As most everyone is aware, the big conference in the chip design software world, DAC, runs July 26-31 in San Francisco. I'm looking forward to it and plan to be up there most days. Some prognosticators have posted their "must-see" lists. (Gary Smith, John Cooley laying out the law for aspiring vendors) and there will be more to come.

Rather than calling out specific companies, I'll share some of technologies that I'll be looking to learn more about.

Low Power
This is one of the genuinely valuable and necessary "next big things" in methodology.
Datapath
I've always been surprised that specialized datapath techniques aren't more successful. It seems like you either use an advanced RTL synthesis tool, or design datapath by hand. There's not a lot of in-between.

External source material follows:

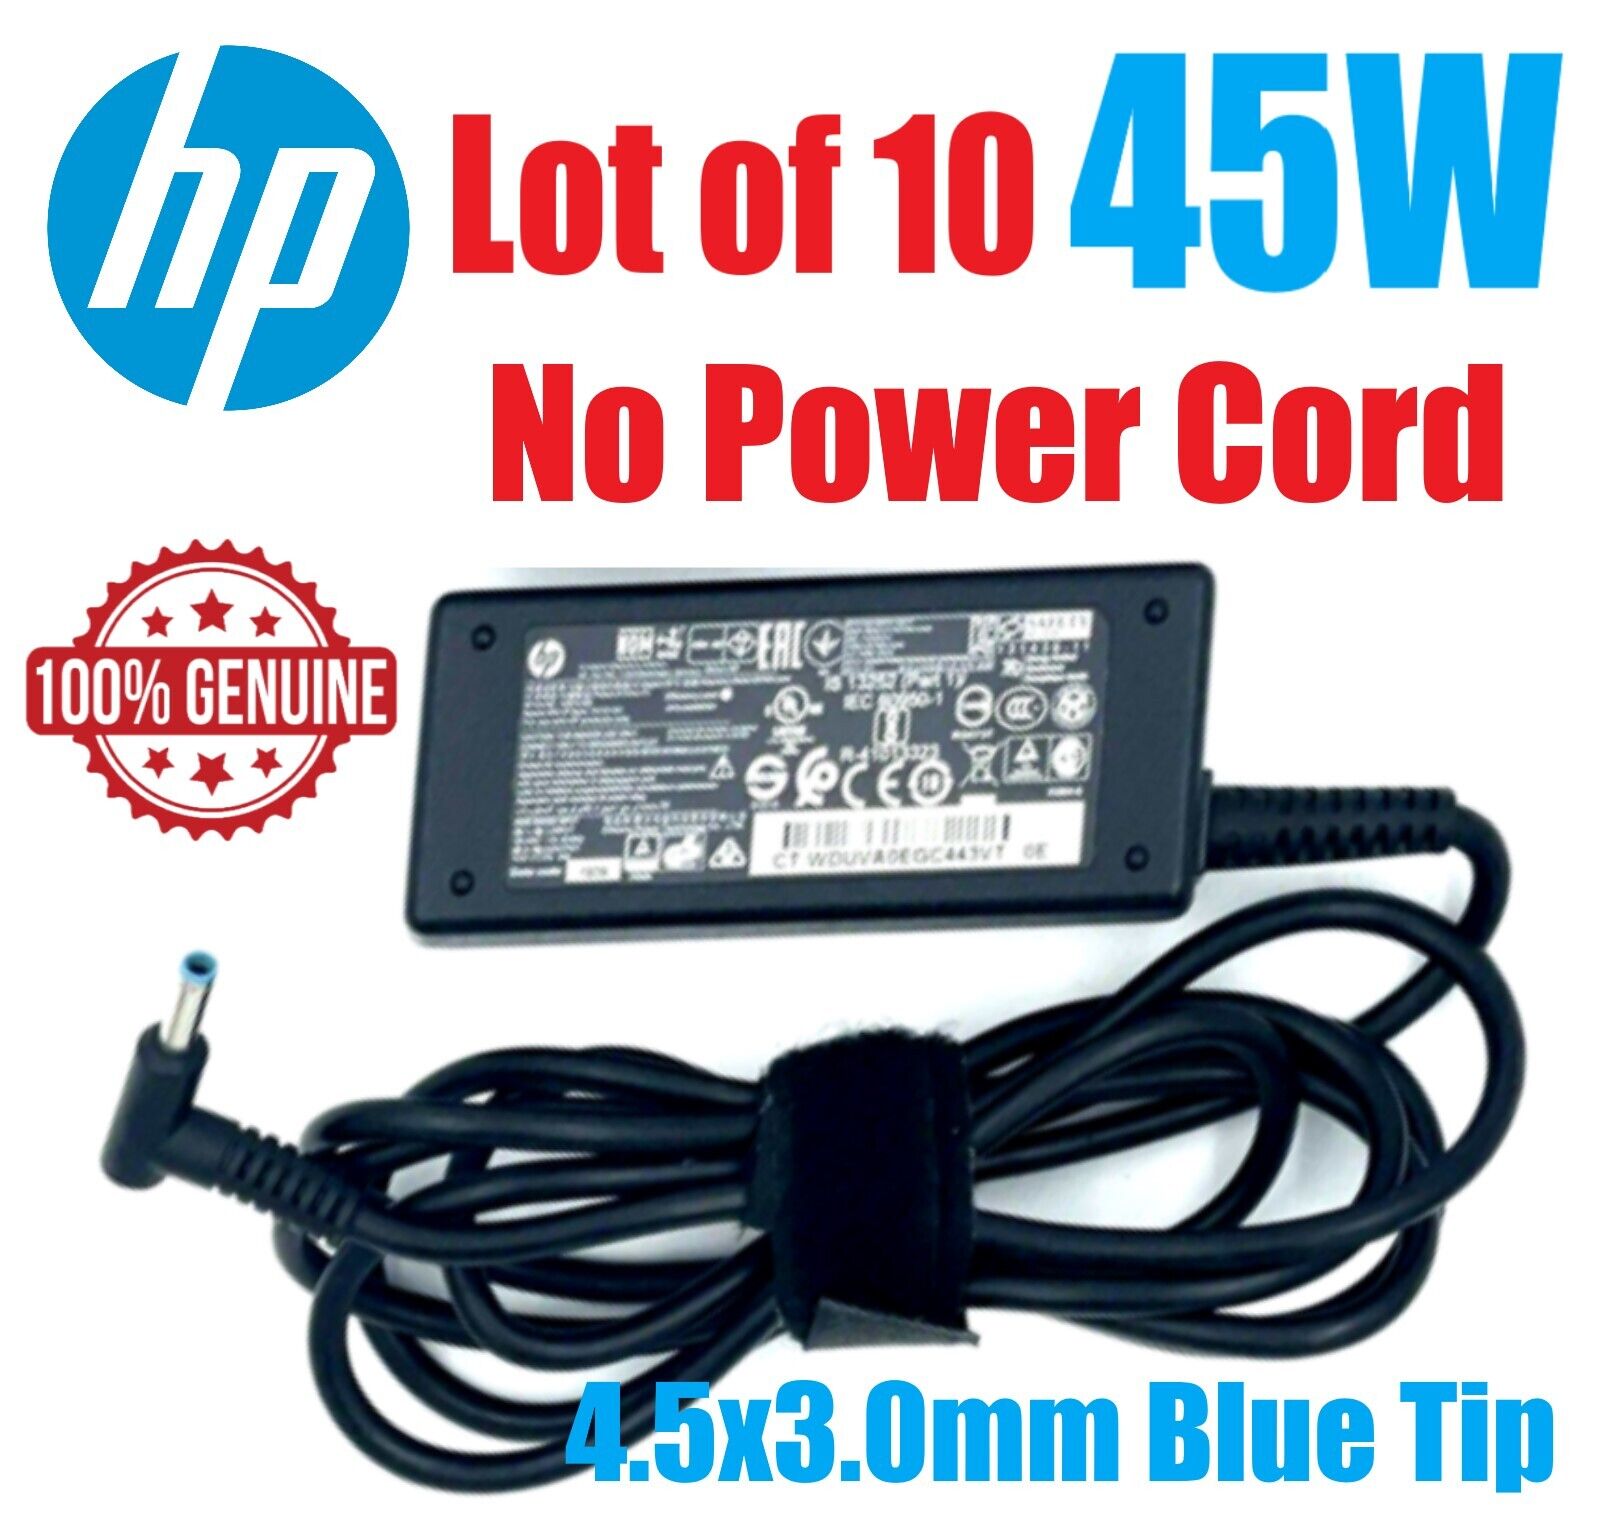 LOT of 10 OEM HP Laptop AC Adapter Charger 741727-001 45W Blue Tip No Power Cord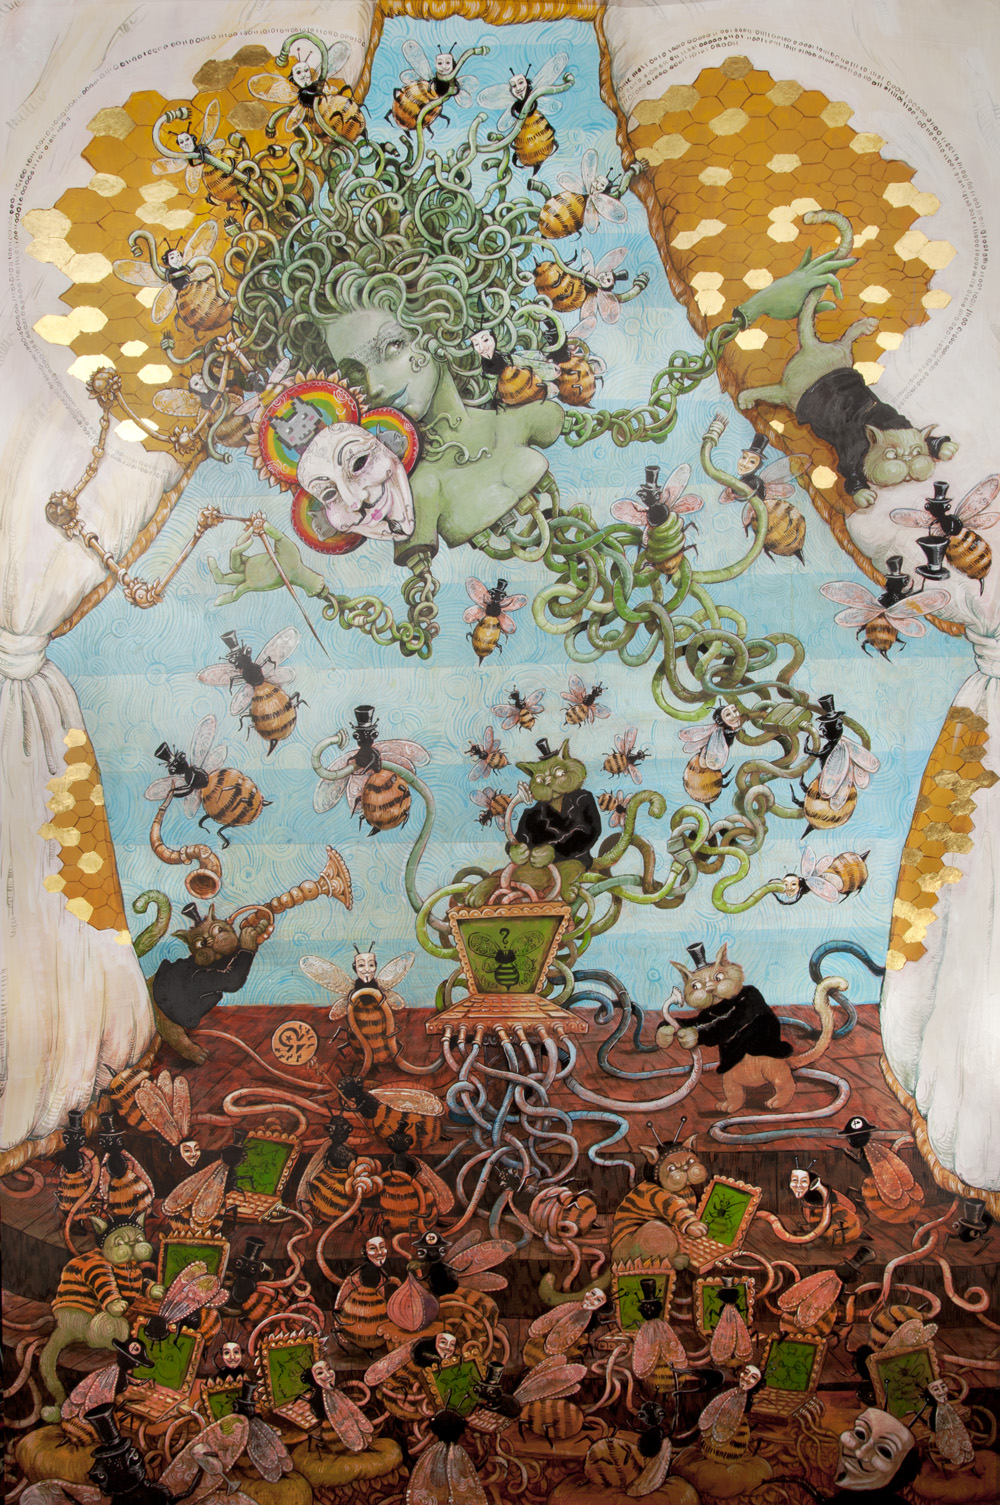 Molly Crabapple. The Shell Game

MCMM (Multi-Corner, Multi-Mode)
It sounds like the solution to many problems. But how well does it really work -- how scalable is it?
parallelism, multi-threaded, multi-core, GPGPU
How will EDA ever catch up to designs scaling by Moore's Law? By using the parallelism available in today's CPUs and GPUs. Multi-core is working today for 4-8 cores, but may hit a wall beyond this. And what about the tremendous parallel computational power in your Graphics Processing Unit? A few EDA tools are leveraging the CUDA platform; where will it pop up next?
Asynchronous Design
This is my token research-y interest. Synchronous design is what we all learn in school, and there's a plethora of tools (namely, the EDA industry) to automate such designs. But there are drawbacks with respect to area and power. Can we learn a new way to design, and develop new sets of IP and automation tools?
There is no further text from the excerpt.